NEW YORK -- The names of the Sept. 11 dead, some called out by children barely old enough to remember their fallen mothers and fathers, echoed across Ground Zero Sunday in a haunting but hopeful tribute on the 10th anniversary of the terror attack. "God is our refuge and strength," President Barack Obama said, quoting the Bible.
Weeping relatives of the victims streamed into a newly opened memorial and placed pictures and flowers beside names etched in bronze. Obama and his predecessor, George W. Bush, bowed their heads and touched the inscriptions.
Obama, standing behind bulletproof glass and before the white oak trees of the memorial, read the Bible passage after a moment of silence at 8:46 a.m. when the first jetliner slammed into the north tower 10 years ago.
The president, quoting Psalm 46, invoked the presence of God as an inspiration to endure. "Therefore, we will not fear, even though the earth be removed, and though the mountains be carried into the midst of the sea."
Obama and Bush were joined by their wives as they walked up to one of the two reflecting pools built over the towers' footprints, part of a Sept. 11 memorial that was opened for relatives of the victims.
The site looked utterly different than it had for any other Sept. 11 anniversary: Along with the names in bronze, two manmade waterfalls flowed directly over the footprints of the towers, surrounded by dozens of white oak trees.

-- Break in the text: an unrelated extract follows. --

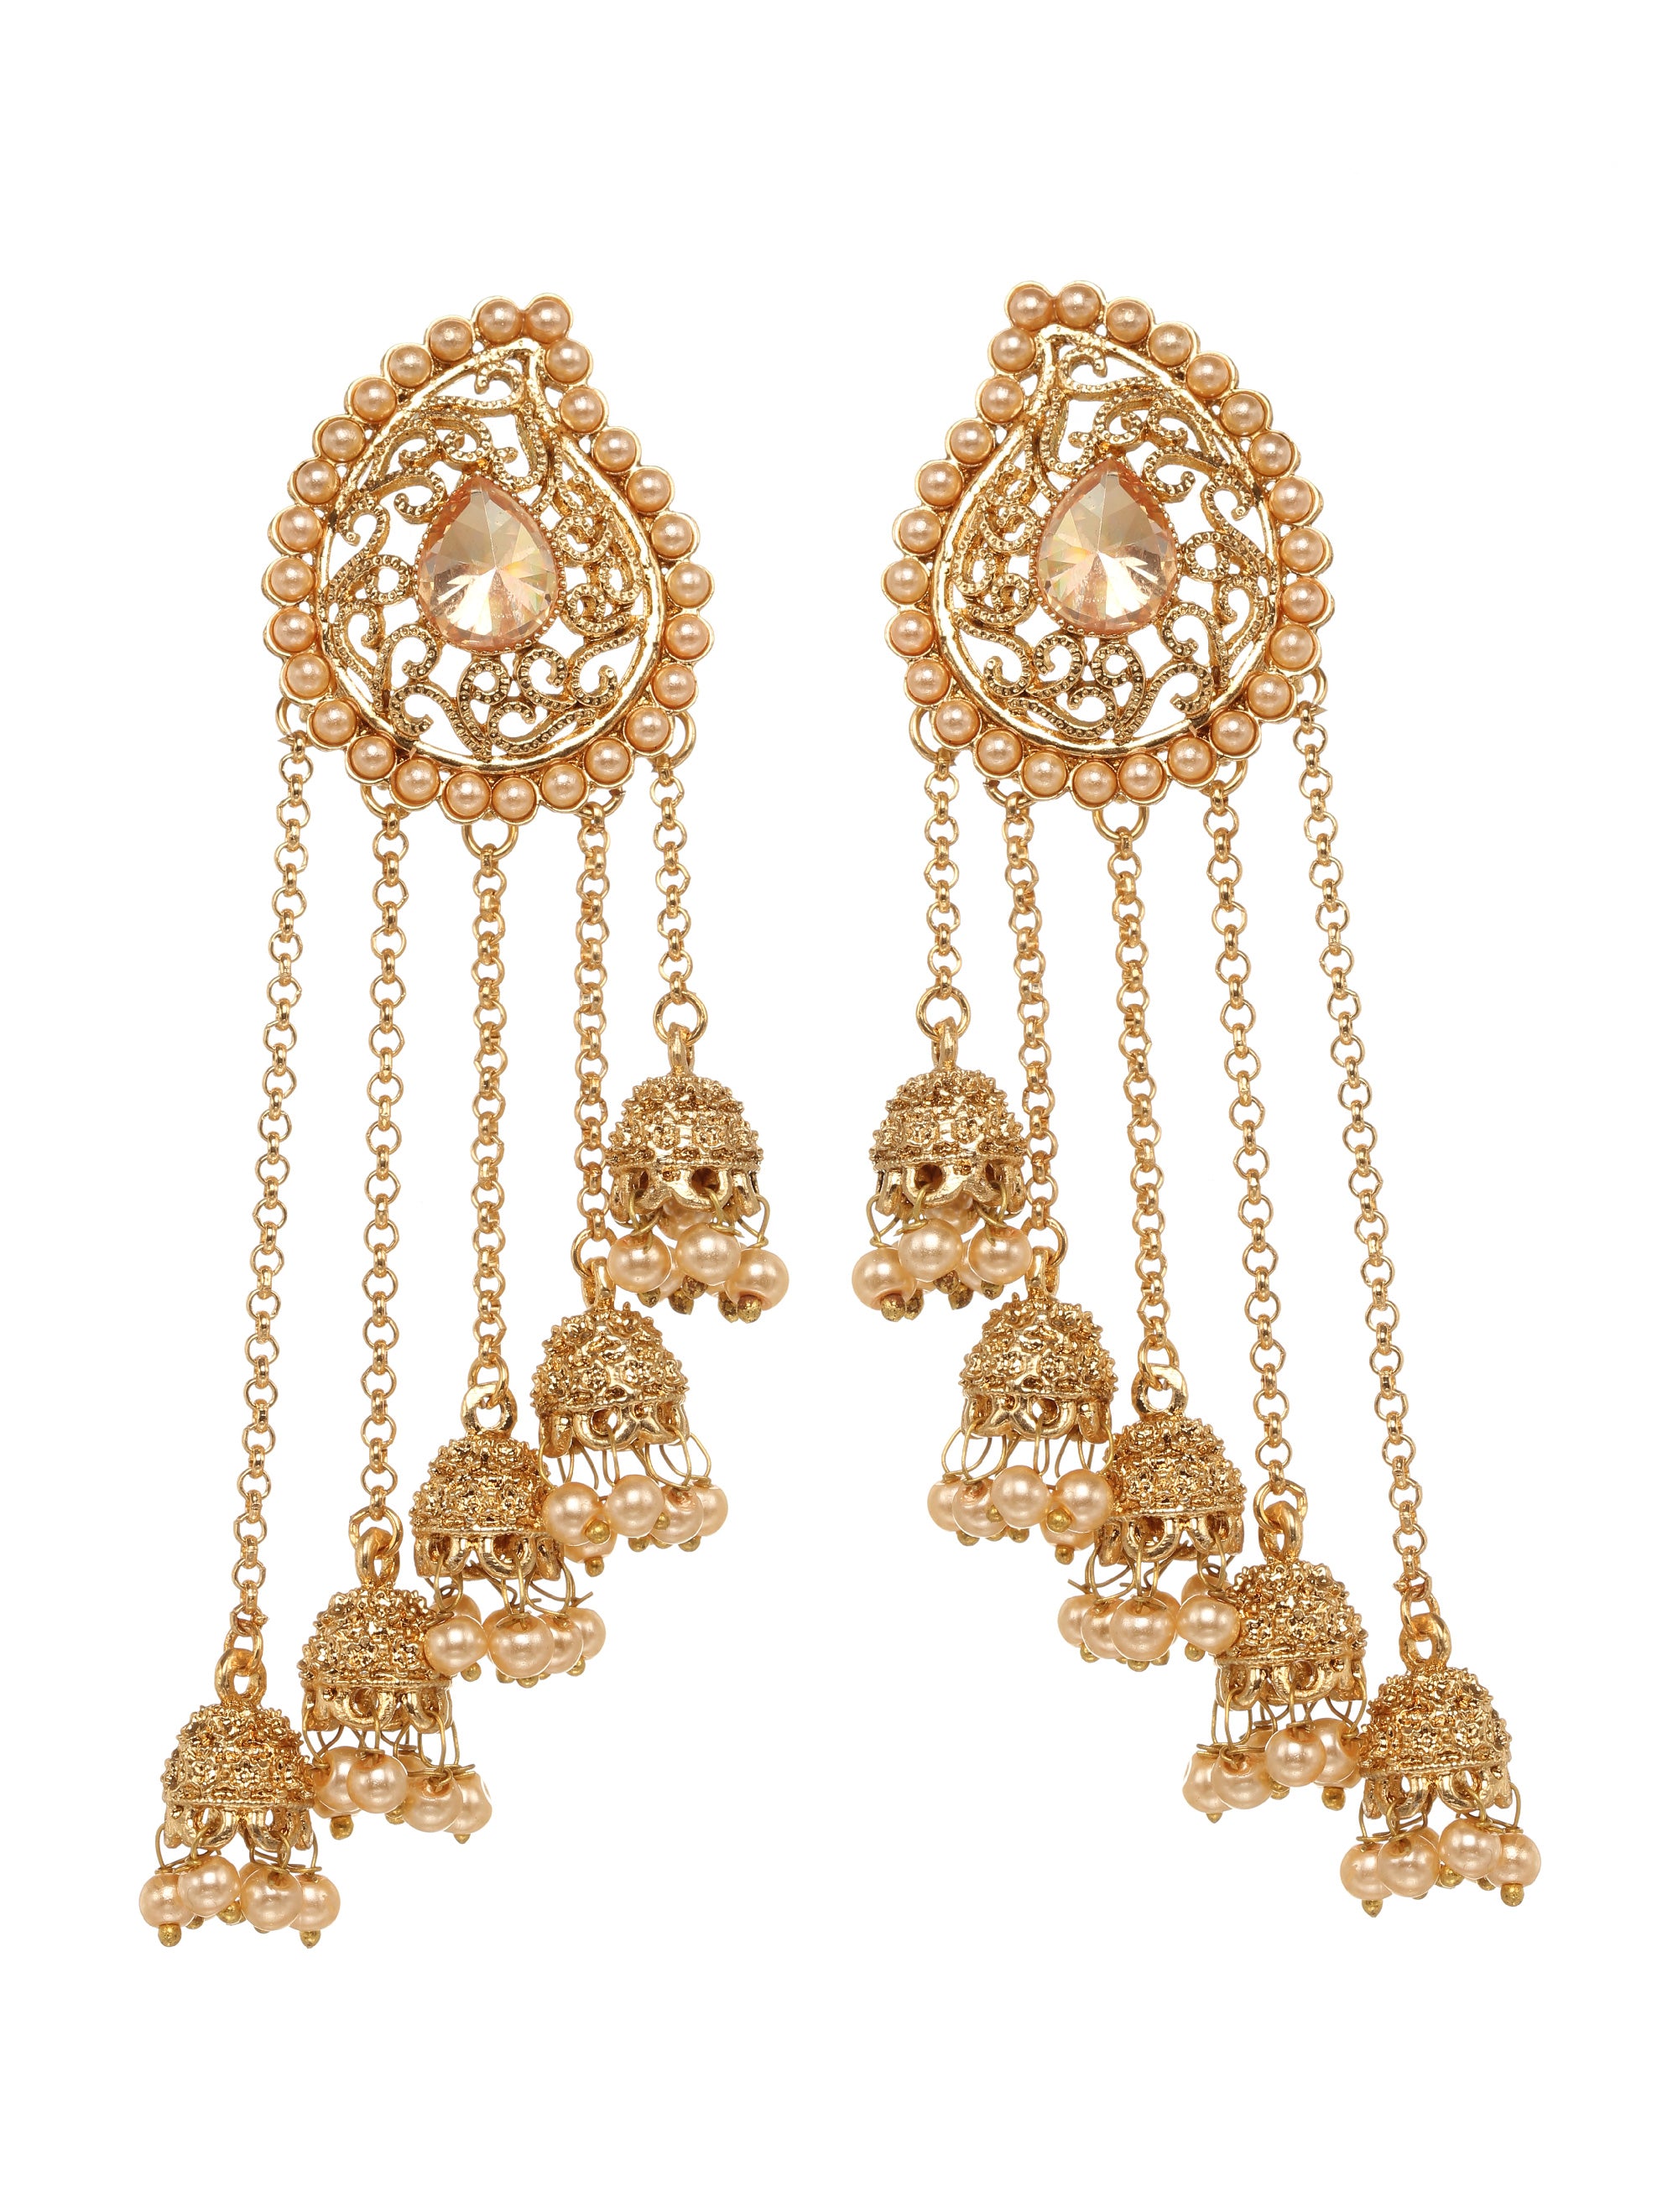 Buy Now Bindhani Women's Gold Earrings For Sarees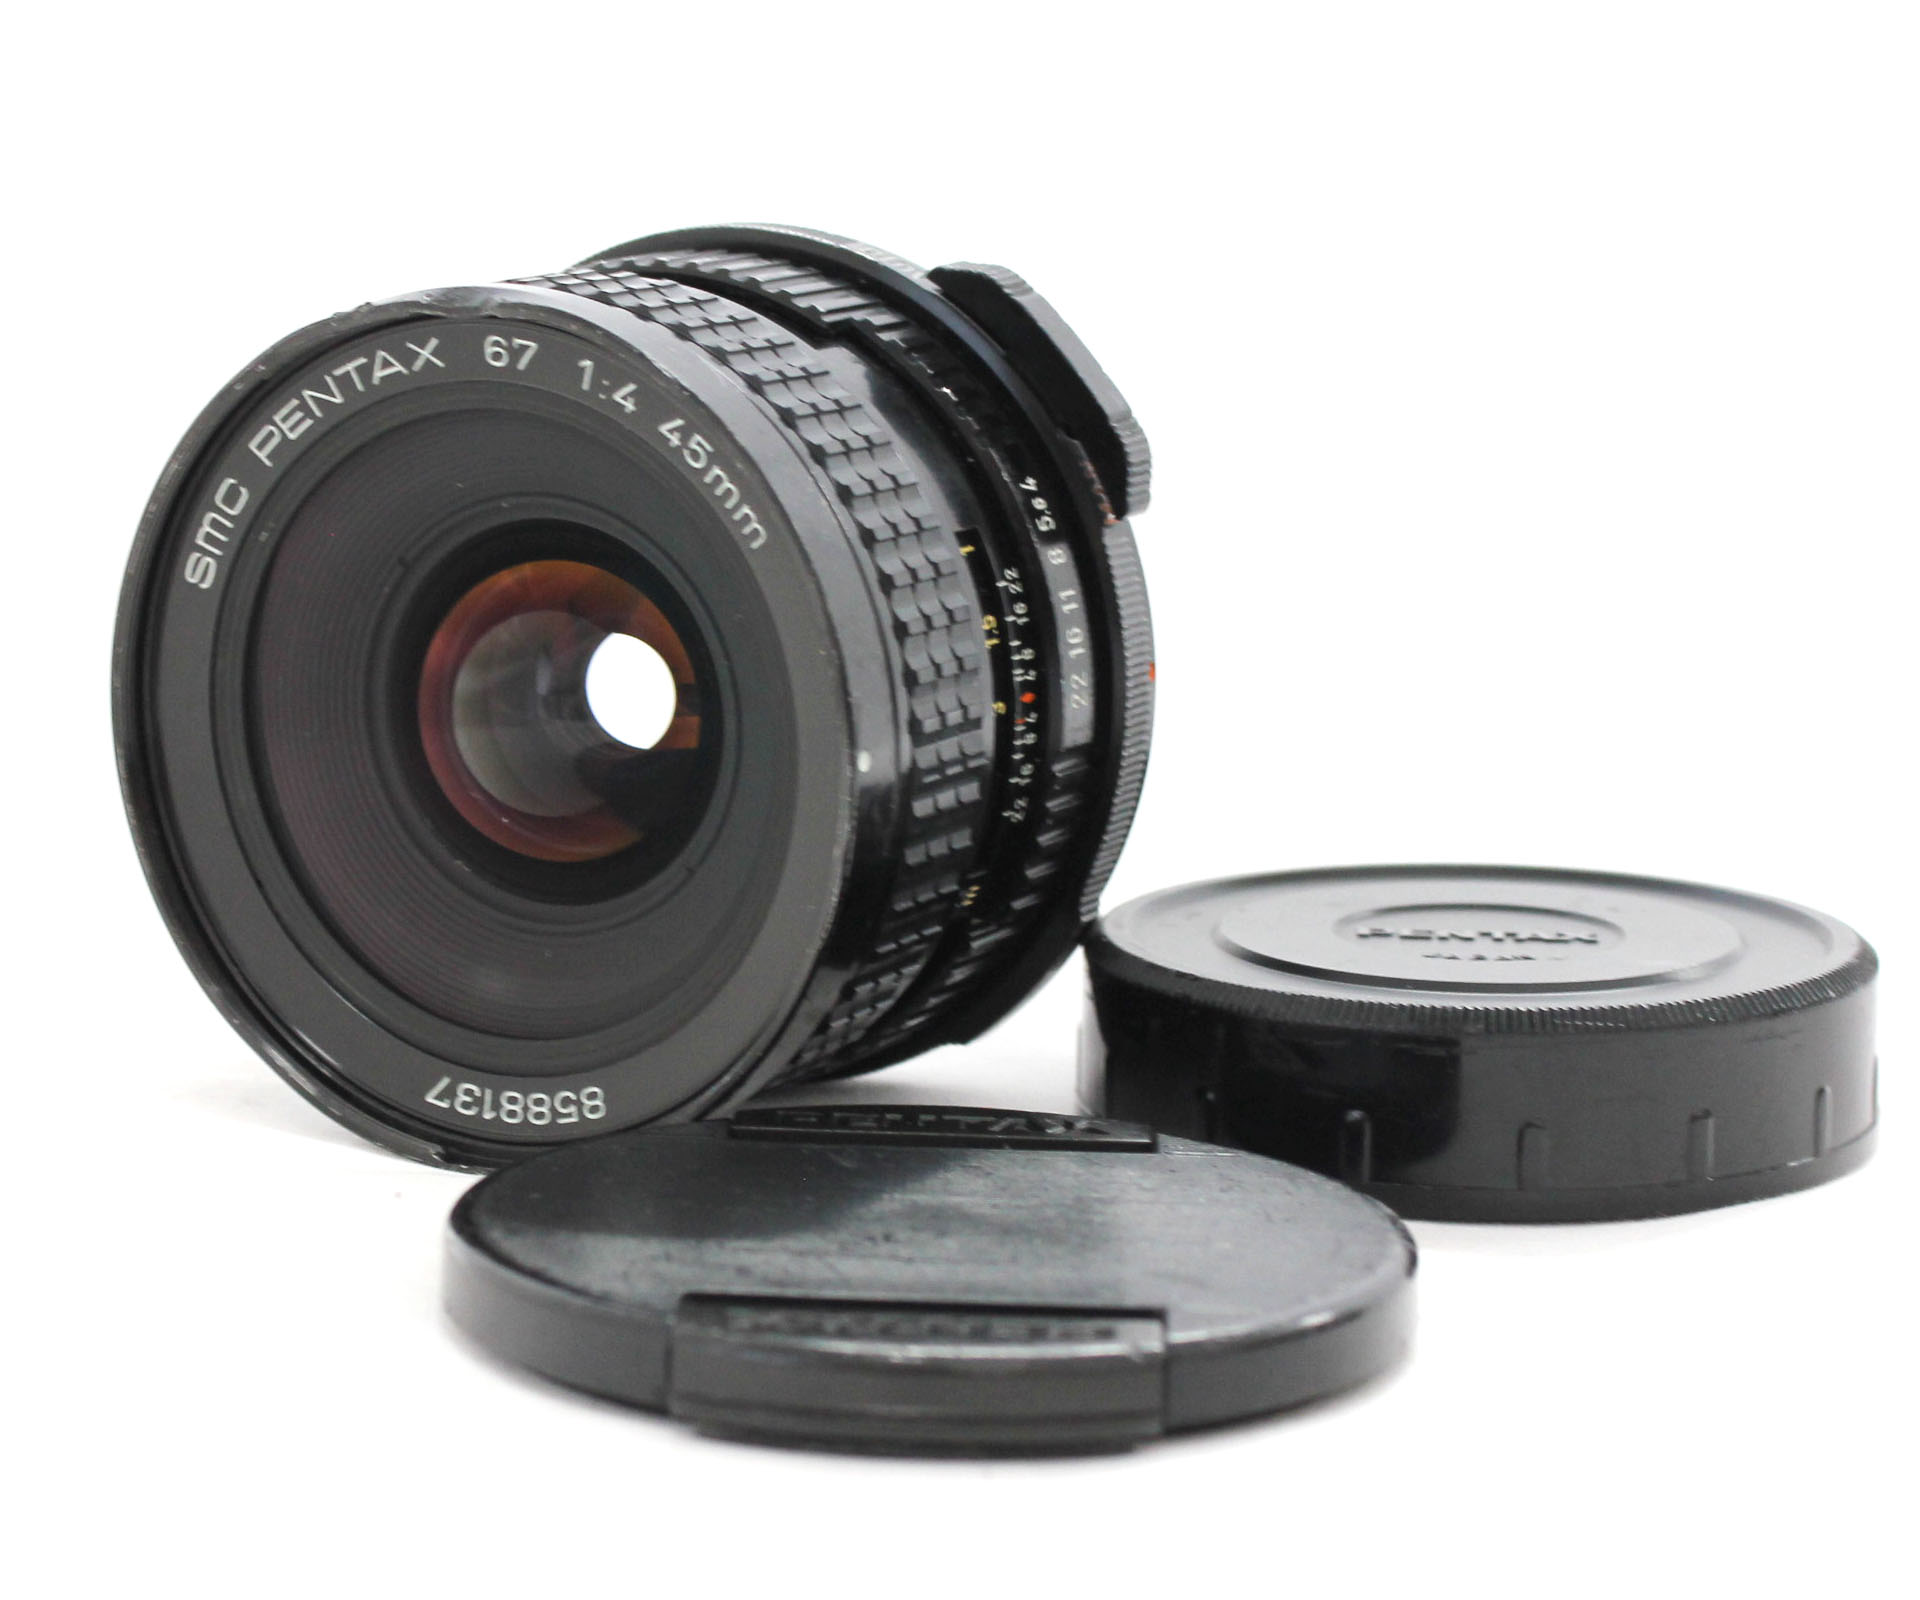 Japan Used Camera Shop | SMC Pentax 67 45mm F/4 for Pentax 67 67II Wide Angle MF Lens from Japan

The New York ceremony, which ended with the playing of Taps in the early afternoon, was the centrepiece of a day of remembrance across the country. It was a chance to reflect on a decade that changed American life, including two wars and the overhaul of everyday security at airports and in big cities.
In a tribute at the Pentagon, Vice-President Joe Biden invoked a "9/11 generation of warriors."
"Never before in our history has America asked so much over such a sustained period of an all-volunteer force," he said. "So I can say without fear of contradiction or being accused of exaggeration, the 9/11 generation ranks among the greatest our nation has ever produced, and it was born -- it was born -- it was born right here on 9/11."
Defence Secretary Leon Panetta observed a moment of silence at 9:37 a.m., marking the time a jet struck the centre of the U.S. military. He paid tribute to 6,200 members of the U.S. military who have died in the Iraq and Afghan wars.
In Shanksville, Penn., a choir sang at the Flight 93 National Memorial, and a crowd of 5,000 listened to a reading of the names of 40 passengers and crew killed aboard the plane a decade ago.
In New York, family members were reading the names of 2,983 victims -- 2,977 killed in New York, Washington and Pennsylvania on Sept. 11, 2001, and six killed in the first terror attack on the trade centre, a truck bomb in 1993.
"You will always be my hero," Patricia Smith, 12, said of her mother.
Bush quoted a letter from President Abraham Lincoln to a mother who lost all five of her sons in the Civil War.
"I pray that our heavenly father may assuage the anguish of your bereavement," Bush said.
Sumika Tanaka came with her mother from Tokyo to find the name of her husband, who was working for a Japanese bank in the south tower when he was killed.
"It's not going to disappear," said Tanaka, 30. "It will be here 10 years from now. And that's what is important to me."
Some family members held children on their backs who were not yet born when the towers were attacked.
New York Mayor Michael Bloomberg, opening the ceremony of remembrance, said: "Although we can never un-see what happened here, we can also see that children who lost their parents have grown into young adults... Good works have taken root in public service."
As the sun rose, an American flag fluttered over six stories of the rising 1 World Trade Center. The sky was clear blue with scattered white clouds and a light breeze, not unlike the Tuesday morning 10 years ago.
The anniversary arrived with security officials in New York and Washington on alert.